Fixture Coverage Notes

Local fixture coverage should include these risk categories where samples are available:

  • Simple digital PDF with a text layer.
  • Math-heavy PDF.
  • Multi-column or complex reading order.
  • Table with formulas.
  • Figure, caption, or extracted asset links.
  • Korean or non-ASCII filename/path handling.

Observed local fixture map as of 2026-05-11:

Local sample Fixture risks covered Notes
samples/FourNodeQuadrilateralShellElementMITC4.pdf simple digital PDF, math-heavy engineering content, table/formula risk Small sample suitable for first optional MinerU smoke validation.
samples/MITC공부.pdf Korean filename/path handling, math-heavy notes, table/formula risk Useful for non-ASCII path and shell-element notation checks.
samples/2007쉘구조물의유한요소해석에대하여.pdf Korean filename/path handling, longer academic layout, math-heavy content, reading-order risk Larger sample; use after the small smoke sample passes.
samples/유한요소해석법을이용한쉘구조물의동적좌굴해석.pdf Korean filename/path handling, math-heavy content, figures/assets, reading-order risk Larger sample for report and warning quality review.
samples/metadata.json fixture notes only Local untracked context; do not treat as generated v1 metadata unless manually confirmed.

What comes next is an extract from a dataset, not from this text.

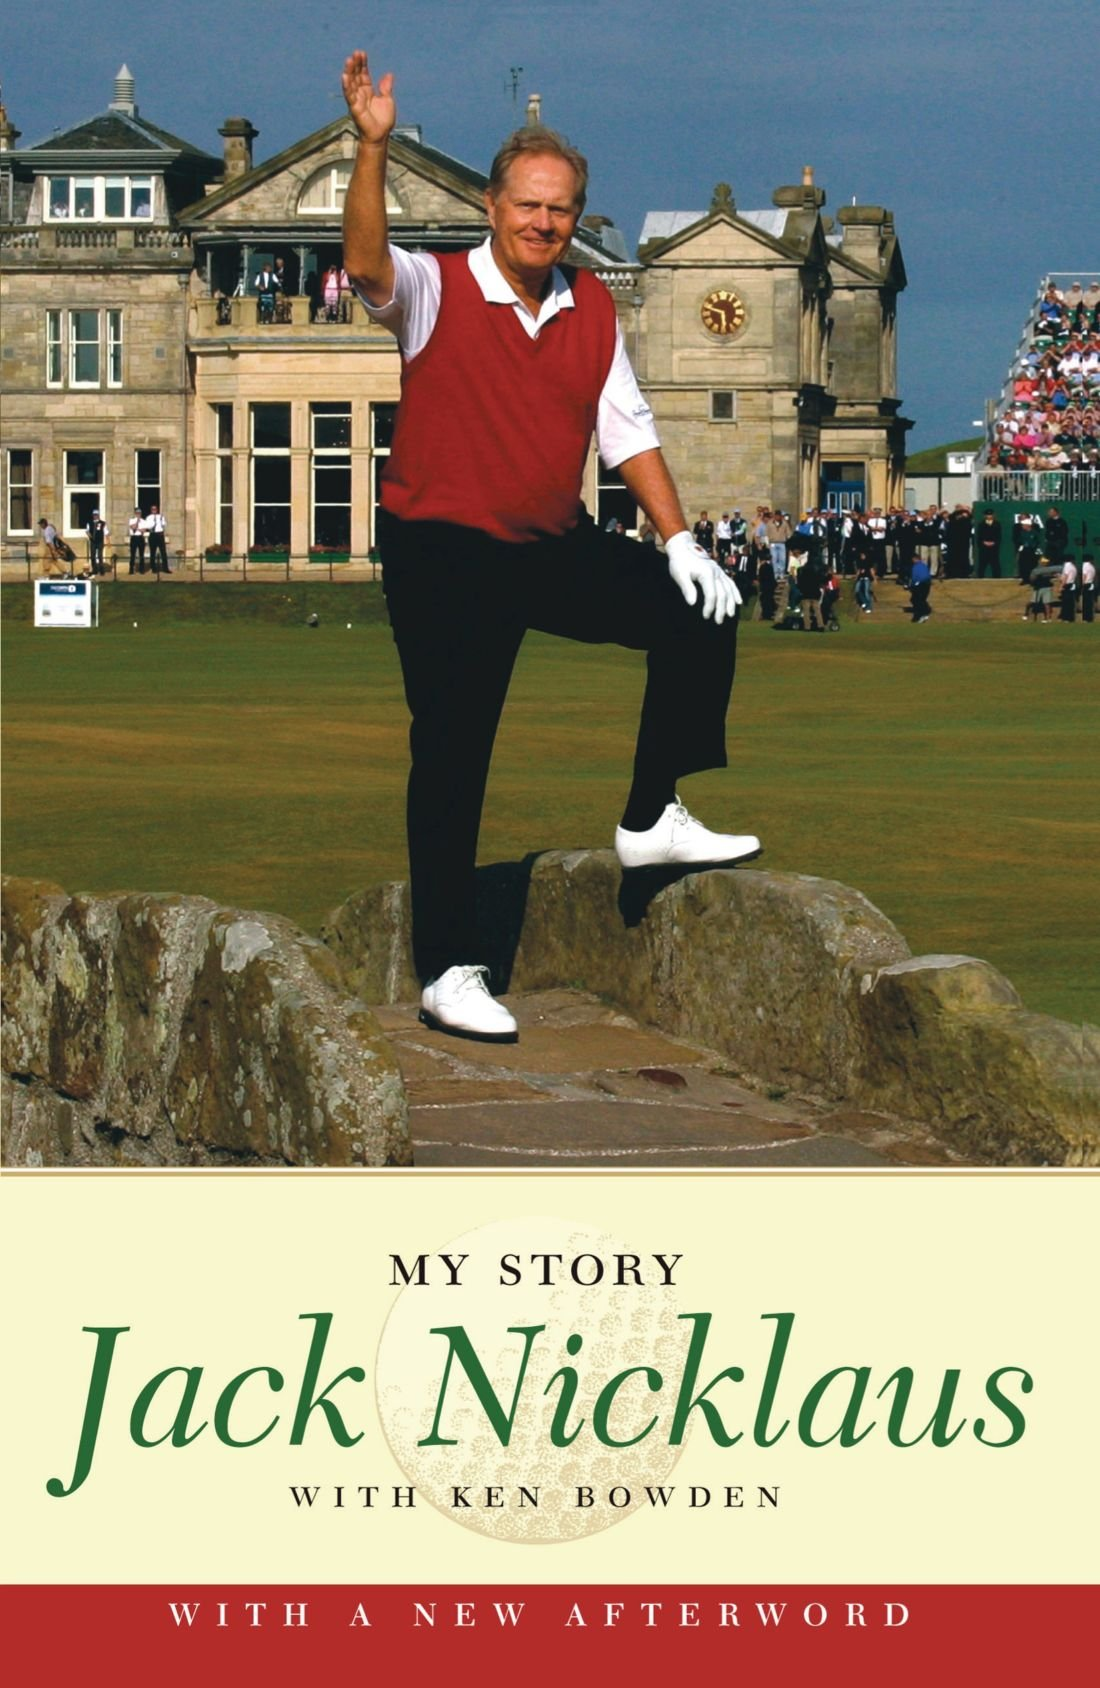 Amazon.com: Jack Nicklaus: My Story (9781416542247): Jack Nicklaus, Ken  Bowden: Books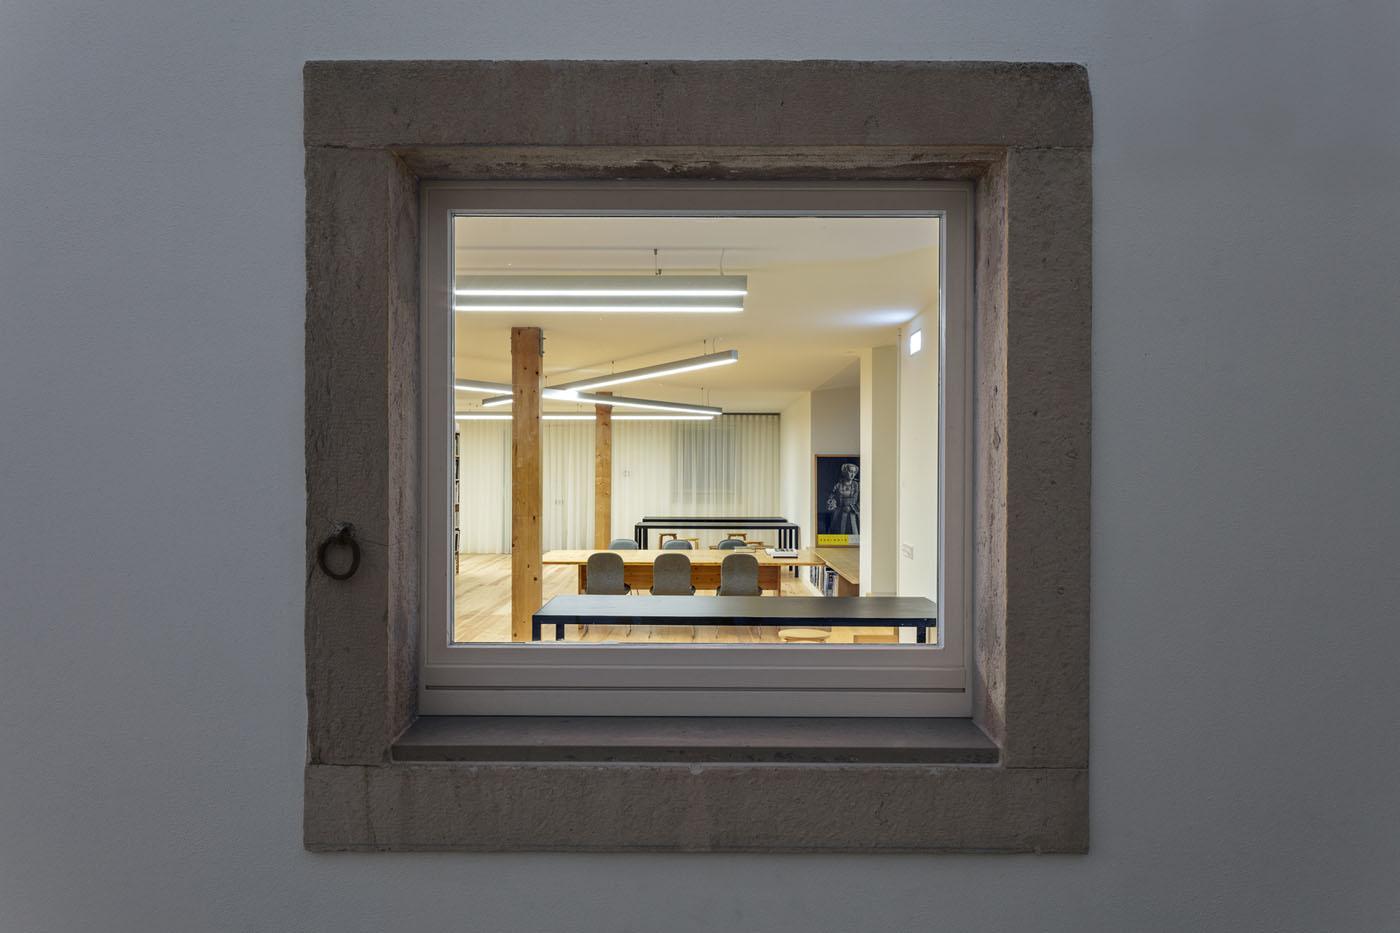 Casa Atelier by Inês Lobo Arquitectos - Architectureaward Bigmat 2021 Edition

Coverage gaps to keep visible:

  • A deliberately simple one-page digital PDF fixture is still useful for release smoke checks.
  • A table-dominant sample with known formula cells would make table degradation easier to judge.
  • A figure-heavy sample with expected extracted assets would make asset link validation easier to judge.

Do not score fixture quality only by plain-text edit distance. Include math delimiter/renderability behavior, tables, reading order, assets, report provenance, warning usefulness, and _report.md usefulness.

No-Sample-Commit Check

Before staging or committing any release-gate work:

git status --short --untracked-files=all

Confirm:

  • samples/ files are not staged.
  • Generated sample outputs are not staged.
  • No sample PDF or sample-derived binary was copied into tracked tests or docs.
  • Any temporary fixture output inside the repository was removed unless the user explicitly approved keeping it and it is ignored.

samples/ may appear as untracked local context. That is expected; do not add it unless the user explicitly requests it.